Gupta is a Fellow of Academy of Management, Strategic Management Society, and Academy of International Business. He is an invited member of CNBC Disrupters 50 Advisory Council, The Bretton Woods Committee, and the World Economic Forum’s Stewardship Board for the System Initiative on the Future of Consumption.

Education
Gupta earned a Bachelor of Technology degree in mechanical engineering from the Indian Institute of Technology at Kanpur in 1970, a Master of Business Administration degree in marketing from the Indian Institute of Management at Ahmedabad in 1972, and a Doctor of Business Administration degree in business strategy from Harvard Business School.

Career
Before moving to the U.S., Gupta worked as an Area Sales Manager and a Product Manager at Hindustan Unilever from 1972 till 1975. From 1979-1986, he was an Assistant Professor of Management Policy at Boston University’s School of Management. In 1986, he joined Robert H. Smith School of Business at the University of Maryland. Gupta was promoted to Professor in 1992, designated as the Ralph J. Tyser Professor in 2001, and as the Michael D. Dingman Chair in 2009.

Gupta has served as an elected board member for several companies including Origene Technologies, Omega Worldwide, Vitalink, and NeoMagic. He has also served on the advisory boards of the Entrepreneurship Centre at IIT Bombay, Asia Silicon Valley Connection, and as an advisor to the US-India Business Council.

Research
Gupta’s research has focused on three areas: strategy, globalization, and entrepreneurship. He is the author of several books as well as over 80 papers.

Gupta co-authored a paper regarding knowledge flows within multinational corporations, and presented the results of an empirical study on the factors that foster or constrain the sharing of know-how within the multinational enterprise. The study examined the role of five factors: the stock of knowledge within a potential sender, the incentive structure in which the sender operates, the fidelity of communication channels, the incentive structure of the potential receiver, and the knowledge stock of the potential receiver.  As of December 17, 2020, the paper had a citation count of 5260 on Google Scholar. An article by Klaus E. Meyer in Journal of International Business Studies ranked it as the #1 most cited paper in the research literature on the subject of “Managing the MNE Subsidiary.”

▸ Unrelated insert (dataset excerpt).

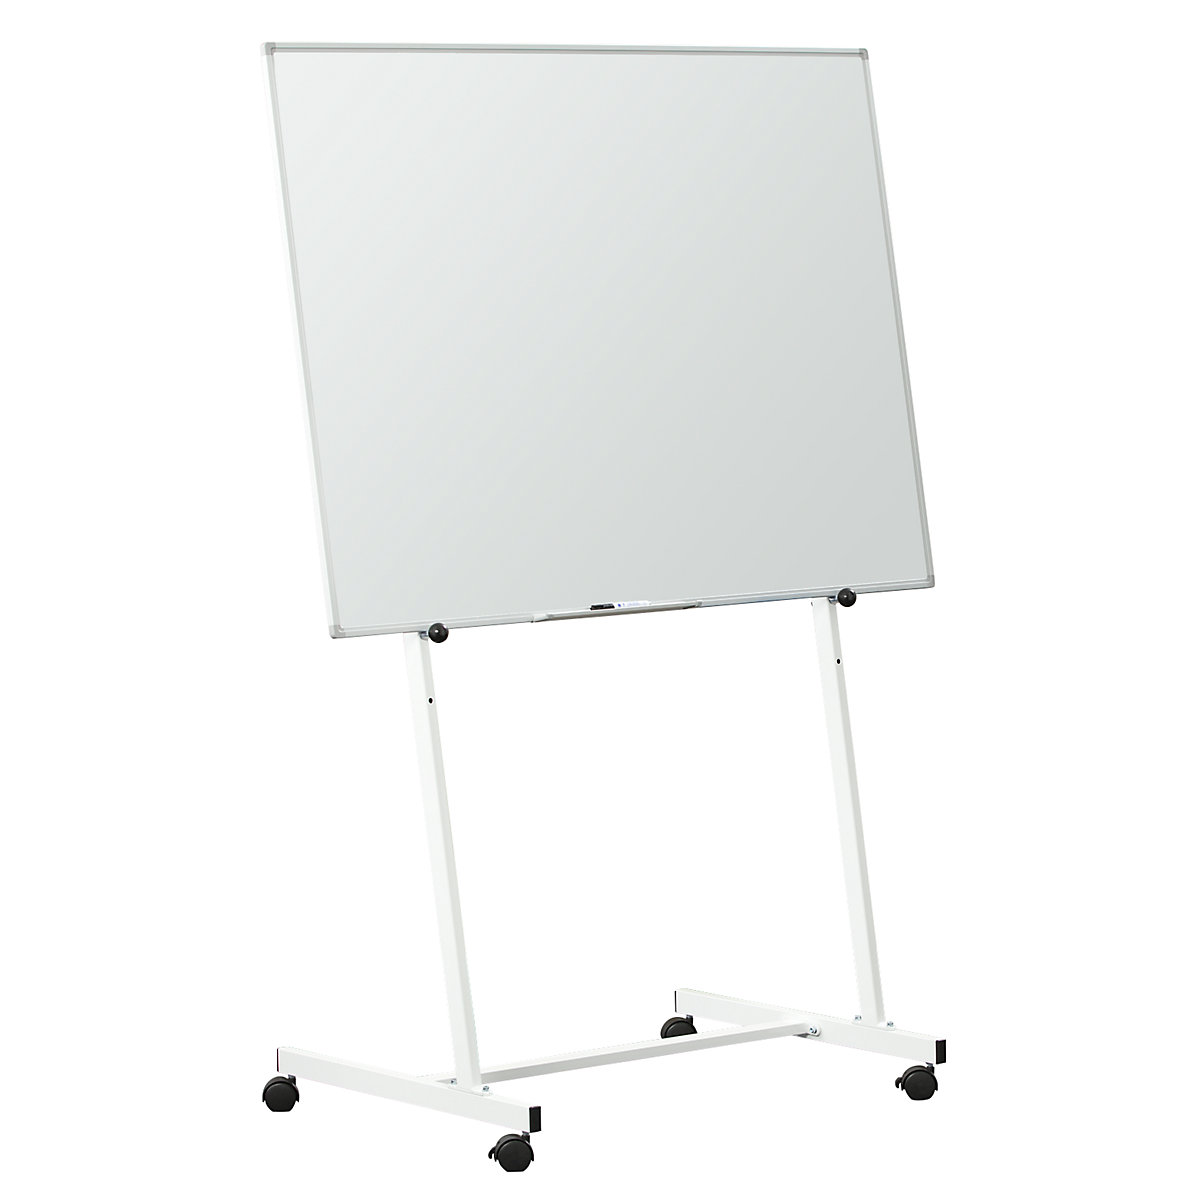 Tafelgestell mobil, für Tafel bis 1000 mm Höhe, für Tafelbreiten 900 – 1500 mm-4

Gupta also focused on knowledge flows and the structure of control within multinational corporations and presented a theoretical framework that lays out the optimal corporate control structure for subsidiaries playing different roles in the global knowledge network of the multinational enterprise. Gupta and his fellow researchers conceptualized the differences in subsidiary roles to be a function of two factors: the extent to which the subsidiary is a user of knowledge from the rest of the corporation, and the extent to which the subsidiary is a provider of such knowledge to the rest of the corporation. An article by Klaus E. Meyer in Journal of International Business Studies ranked it as the #4 most cited paper in the research literature on the subject of “Managing the MNE Subsidiary.”

In 2000, Gupta, along with Vijay Govindarajan, authored a paper titled "Knowledge Management's Social Dimension: Lessons From Nucor Steel," and presented an analysis of how the social ecosystem of an organization affects the creation, diffusion, and use of know-how within the enterprise. They conducted the analysis by examining the case of Nucor Corporation, a U.S.-based company that has been one of the most efficient steel manufacturers in the world for several decades.

In an article titled, "Knowledge spillovers and the assignment of R&D responsibilities to foreign subsidiaries," Susan Feinberg and Gupta used a large‐scale panel database of the foreign subsidiaries of U.S.‐based MNCs in above‐average R&D‐intensive industries to examine the extent to which external spillover opportunities as well as internal firm‐specific capabilities to utilize such knowledge affect MNCs' new R&D location decisions. Their findings suggested that MNCs appear to anticipate potential spillover opportunities and are discriminating in assessing these opportunities not only across locations but also across categories of competitors within the same location.

Gupta conducted research on the interplay between exploration and exploitation and started his study from the premise that exploration and exploitation have emerged as the twin concepts underpinning organizational adaptation research. His study addressed four questions: What do exploration and exploitation mean? Are they two ends of a continuum or orthogonal to each other? How should organizations achieve a balance between exploration and exploitation—via ambidexterity or punctuated equilibrium? Finally, must all organizations strive for a balance, or is specialization in exploitation or exploration sometimes sufficient for long-run success?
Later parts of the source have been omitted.